# Smugglers Notch reservation



## anngem (May 27, 2016)

We have a 3 bedroom reserved for mid June in the Sycamore section. Not planning on buying the pass since our kids will be arriving mid week. Also it seems very pricey. Will there be pools and playgrounds for the kids to use without the pass? Is this a good location? bTW, the children are 2 and 6. Any other advice would be appreciated. Thanks


----------



## elaine (May 27, 2016)

There should be a "Free" pool that even had a slide. Our kids enjoyed the Llama walk (fee), DIY "Creeking," and some of the evening activities, in which you did not have to pay to do--such as smores, sing a long.  This was one of our best family vacations.


----------



## WinniWoman (May 27, 2016)

anngem said:


> We have a 3 bedroom reserved for mid June in the Sycamore section. Not planning on buying the pass since our kids will be arriving mid week. Also it seems very pricey. Will there be pools and playgrounds for the kids to use without the pass? Is this a good location? bTW, the children are 2 and 6. Any other advice would be appreciated. Thanks



I own in Sycamores. It is a good area in terms of privacy/ quiet- separate entrance from the resort and main village area. You have to either walk or take the shuttle, your car or golf cart to the main village area. Remember- Vermont ain't flat- lots of steep hills/ski trails.

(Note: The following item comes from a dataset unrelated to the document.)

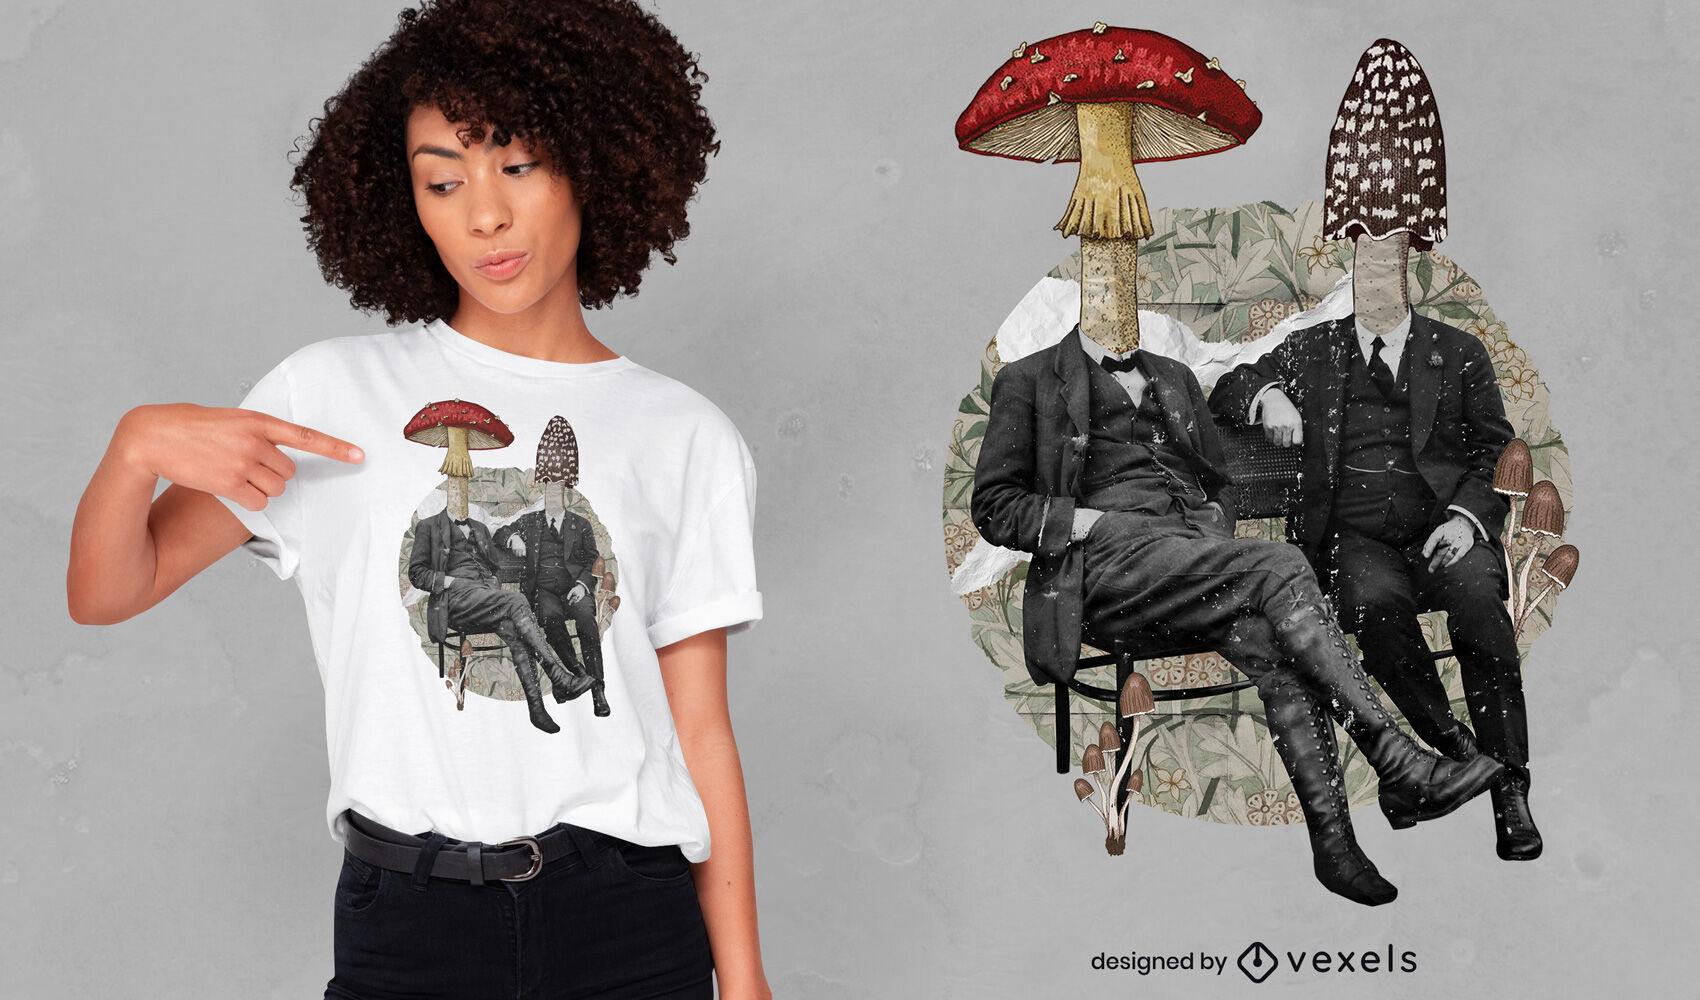 Diseño de camiseta psd de collage de personas de hongos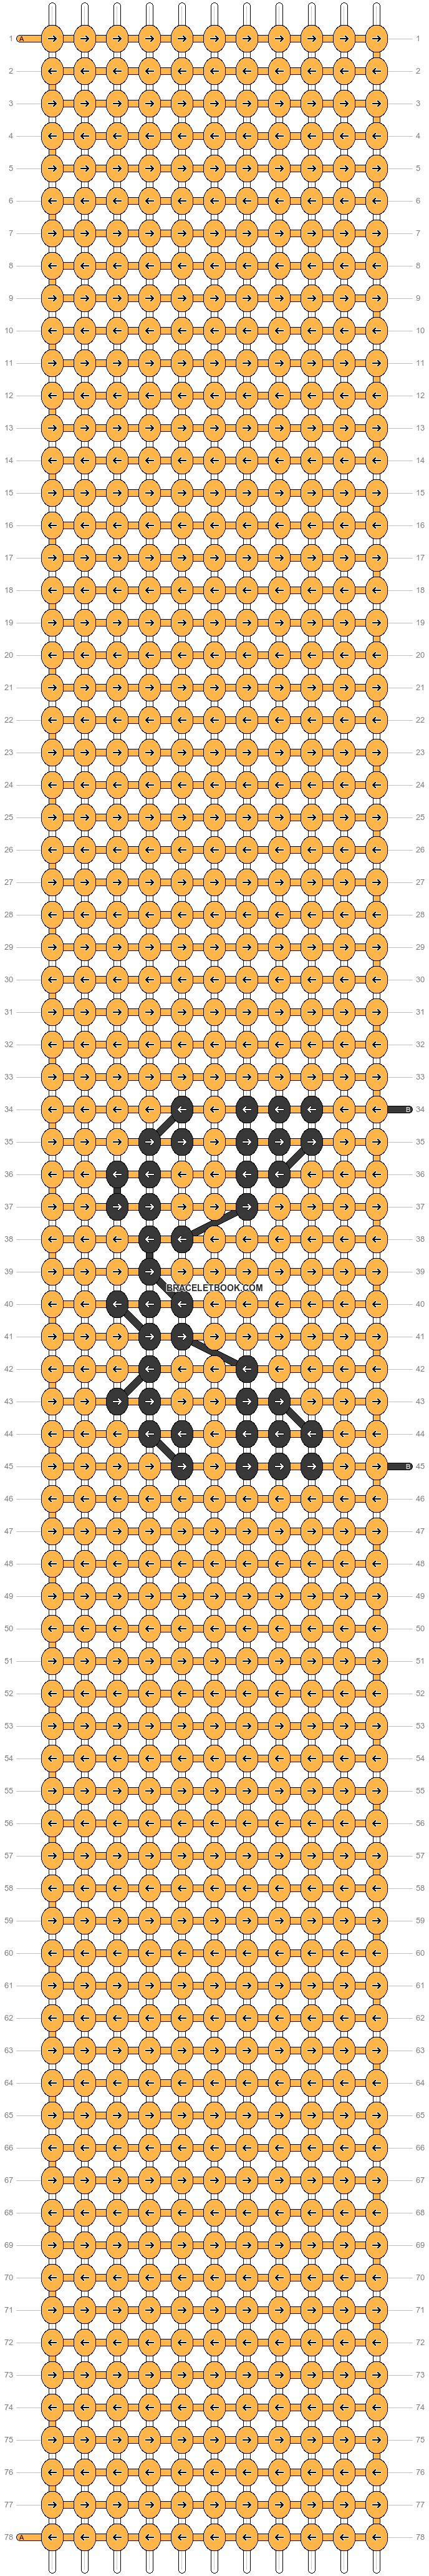 Alpha pattern #58838 pattern

Sycamores has an outdoor heated pool and a child splash/fountain area, as well as a small whirlpool area in the pool. No slide. There is also an area for picnicking and a small playground.  Perfect for very young children.

In addition, there is a clubhouse with a small exercise room and a game room with machines and pool tables and ping pong, etc. And- a quiet area with sofa and chairs.

There will be things going on on the village green that you can partake in for free, like the bonfire sing-along (definitely do that). You can also do fee based activities of your own choosing. 

if you have bikes/strollers I recommend taking a ride into Stowe and using the Stowe bike bath. Very scenic and enjoyable and you can have lunch in the town, etc.  You can rent bikes at TopNotch at the beginning of the bike path if needed.

Have a great time. We are headed up in another week for our 17th year. Our 28 year old son is meeting us there for a few days! Still has memories..


----------



## anngem (Jun 23, 2016)

Another Smuggs question. Is this a 4 in 1 resort?


Sent from my iPad using Tapatalk


----------



## missyrcrews (Jun 24, 2016)

*Sometimes yes...sometimes no*



anngem said:


> Another Smuggs question. Is this a 4 in 1 resort?
> 
> 
> Sent from my iPad using Tapatalk



According to their listing on RCI...the 1:4 rule applies to weeks 1-12, 24-35, and 51-52.  I've found in the past that RCI will block my reservation even if I'm not trying to book into those weeks.  A phone call clears things up.  (April break week is our usual time to go, and that's outside of the 1:4 prohibited weeks.)  Mountain Estates at Smugglers' Notch carries a different RCI resort number, and so doesn't "count" for the 1:4 at the main resort, at least in my experience.  Good luck...we love Smuggs!


----------



## anngem (Jun 25, 2016)

We are at Smuggs now and are thinking about coming back next year. We've all had a wonderful time. I was told at check in that it is a 1 in 4 resort but when I checked with RCI I was told it is not. Glad to get some clarification.


Sent from my iPad using Tapatalk


----------



## dwojo (Jun 25, 2016)

How is the weather in August there?


----------



## annandrzej (Jun 26, 2016)

dwojo said:


> How is the weather in August there?



The weather is nice, above 80


----------